If you aren’t waking up in partnered bliss (or something close to it) this morning, here are some words to perhaps comfort you. Whether you’re single and alone by choice, chance or due to a recent death of a beloved partner, you may find yourself catching your breath a few times today—and maybe shedding a tear or two for memories or dashed hopes.

For me, the sadness of missing a certain someone hurts more than the fear of being alone without a Valentine. I don’t want a placeholder as much as I miss the heart, mind and spirit of a beloved person I held dear.

Having loved and lost more than once in my life, here is my best advice to heal a broken heart.

1)   Grieve it

Whether it happened on purpose, by accident or because a life ended, it’s an ending. It’s a loss and losses aren’t easy for us humans. Some are more welcome than others, especially if we made the choice to end the relationship. But if you find yourself not exactly leaping for joy and dancing in the streets, I recommend you spend significant time grieving the loss you’ve experienced. Many people, if not most, often jump to the next thing: the next person, the next job, the next topic of conversation. They push down or avoid the feelings about the loss or absence or the way things ended. It’s hard, painful stuff and many people find it easier to numb out and “move on” by compartmentalizing and avoiding the grieving process. But I don’t recommend this. It catches up to you, eventually. I recommend you do and do it good. Go through the pictures. Thumb through the hand-written notes. Remind yourself of what you valued and treasured about that person. And hold it alongside the truth of what hurt or didn’t feel right and good for you. A healthy grieving process will earn you years of authentic healing and solace in the long-term. You’ll be able to make real peace with what happened, whatever it was.

2)   Consider your part

If the ending or loss happened despite your best efforts, it’s really easy to blame or shame the other person. This feels good in the short-term but rarely does anything to really help us build character. Having done this myself in relationships and jobs, I know how tempting it is to nurture the victim part of us that wants to feel wronged or hurt, abandoned or rejected. We want the other side to hurt too, dammit! This is natural because we are human, but it won’t help you truly forgive and forget. It also increases the chances that we will perpetuate our contribution, whatever it was, in the next situation. Sometimes, we do this to preserve our sense of self, and we can miss seeing something that would be good to know about ourselves. If you consider and fully contemplate whatever your part was, you’re one step closer to being part of the solution and prevention of it repeating itself again in your life. Or you might get insight you never had before and you can see the other person in a totally different light. Which is a good thing-for you and other people in your life.
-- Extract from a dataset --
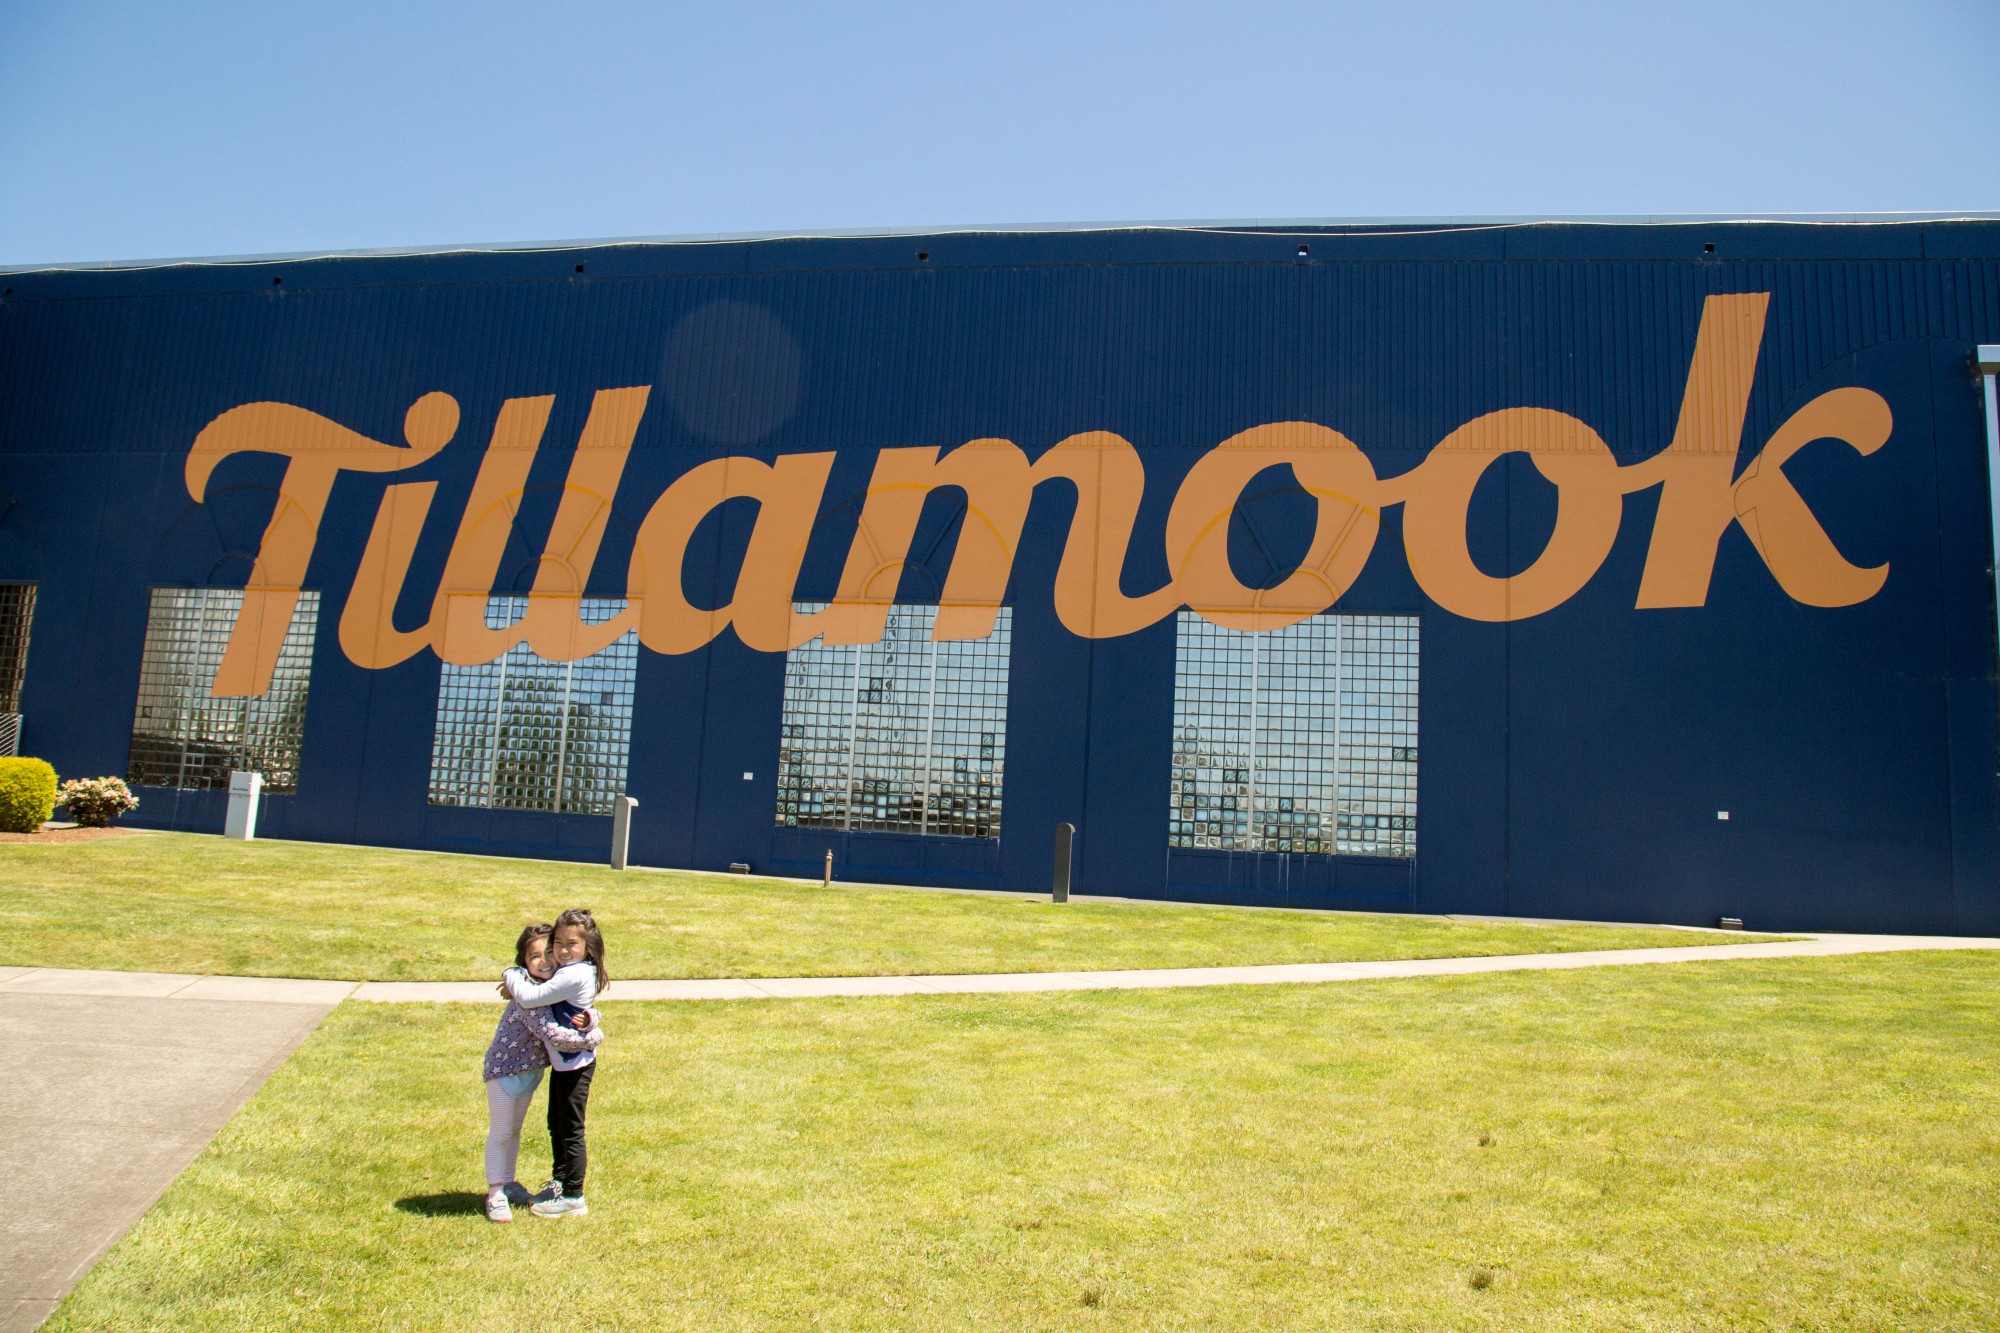 The next day we drove to the Tillamook factory and got lots of cheese samples, but we didn't really like their grilled cheese sandwiches or ice cream.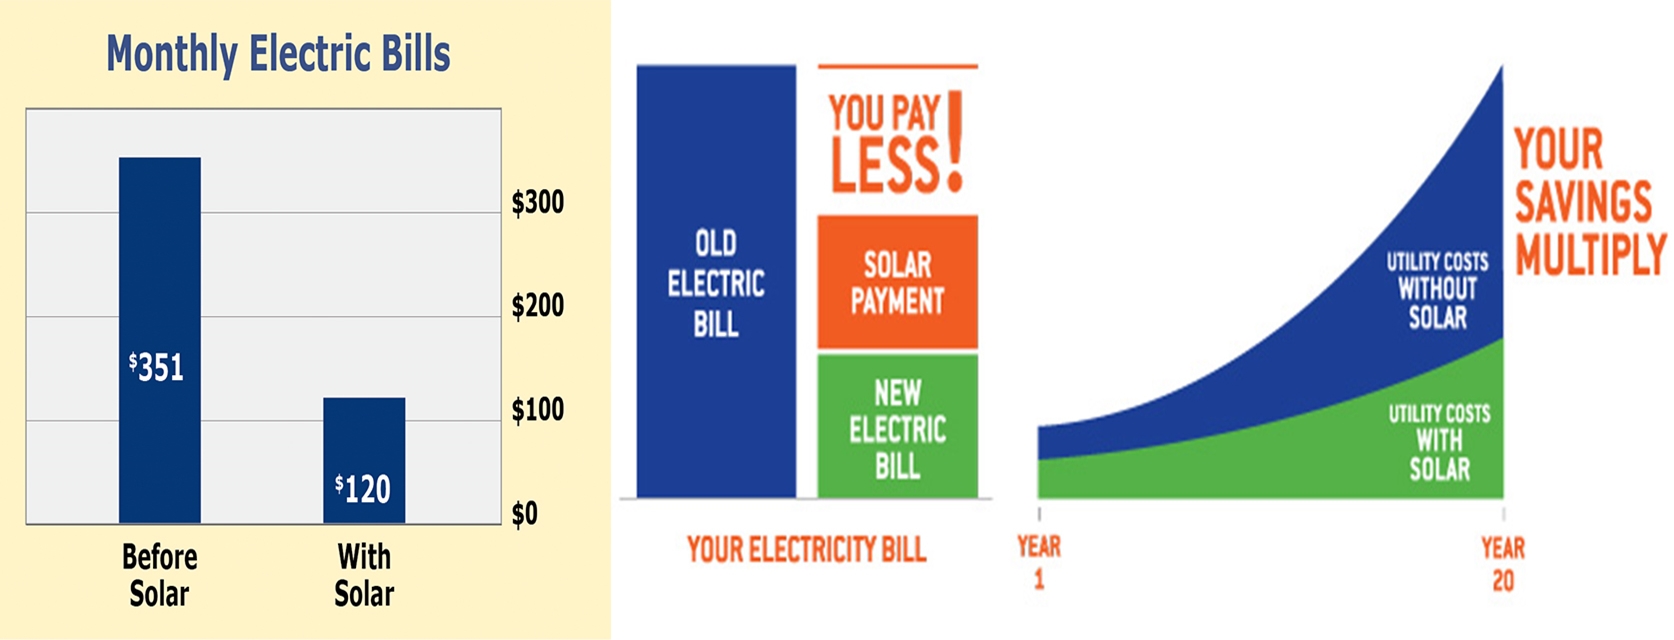 Reduction in your electric bills

3) Say what you need to say

A lot of people are really bad listeners. Don’t talk to those people. They are often too self-absorbed and caught up in their own lives to pay attention to what you’re saying. Chances are, they haven’t fully grieved losses in their own lives and they won’t bear witness to your process in a way that really helps you. Find people who don’t say cliche things like, “he/she is resting in peace” or “sorry it didn’t work out” or “it wasn’t meant to be.” You have a broken heart! It hurts! Platitudes don’t honor the deeply-rooted and real feelings you’re experiencing. Talk to a professional and/or compassionate friends who make you feel heard and supported in your process, however long it takes. If it is safe or welcomed, express anything that remains for you to the other person. Or write a letter or email and delete it. Over and over again. Until it’s all out. When you can safely process all the feelings you have about the complexity of the loss and its impact on your past, present and future, you increase your chances of healing sooner and more completely.

4)   Practice forgiveness

Whatever happened, happened for a good reason. Sometimes it takes us months or years to fully understand and appreciate this, but having experienced tremendous heartbreak numerous times, I can tell you that with every fiber of my being. If the person left or died suddenly, forgive the abrupt ending. Is it harder or easier for you to forgive someone who has passed on? Or how about someone who is still alive but out of contact? Don’t try to see the meaning right away, it may not be apparent. But you can practice forgiving yourself and the other party for whatever shortcomings or shortsightedness led to the loss. People do and say things coming from their given capacity at the time, and it is unfortunate and frustrating when the needs, interests and abilities of each partner don’t match up. Consider what you did and didn’t do or say that worked or didn’t work. Give yourself a break, because you probably did what you could—or wanted to do—at the time.

5) Practice platonic love

I’m assuming you have at least one if not MANY people in your life. And I bet you love them all a lot. Spend the day calling them or emailing them or texting heart emojis. Tell your kids, tell your parents, siblings and friends about your gratitude for them. Hug them. Make Valentine’s Day cards for your plants who selflessly receive your carbon dioxide and give out oxygen day in and day out. Send love to strangers on the street or in countries far away. Within minutes of doing this, you’ll realize that time spent mourning the loss of one person, however significant that person was, is time you can also invest in other relationships in your life. You could probably spend the day making cards for everyone you’ve ever loved in your life and not finish before it’s time to go to bed.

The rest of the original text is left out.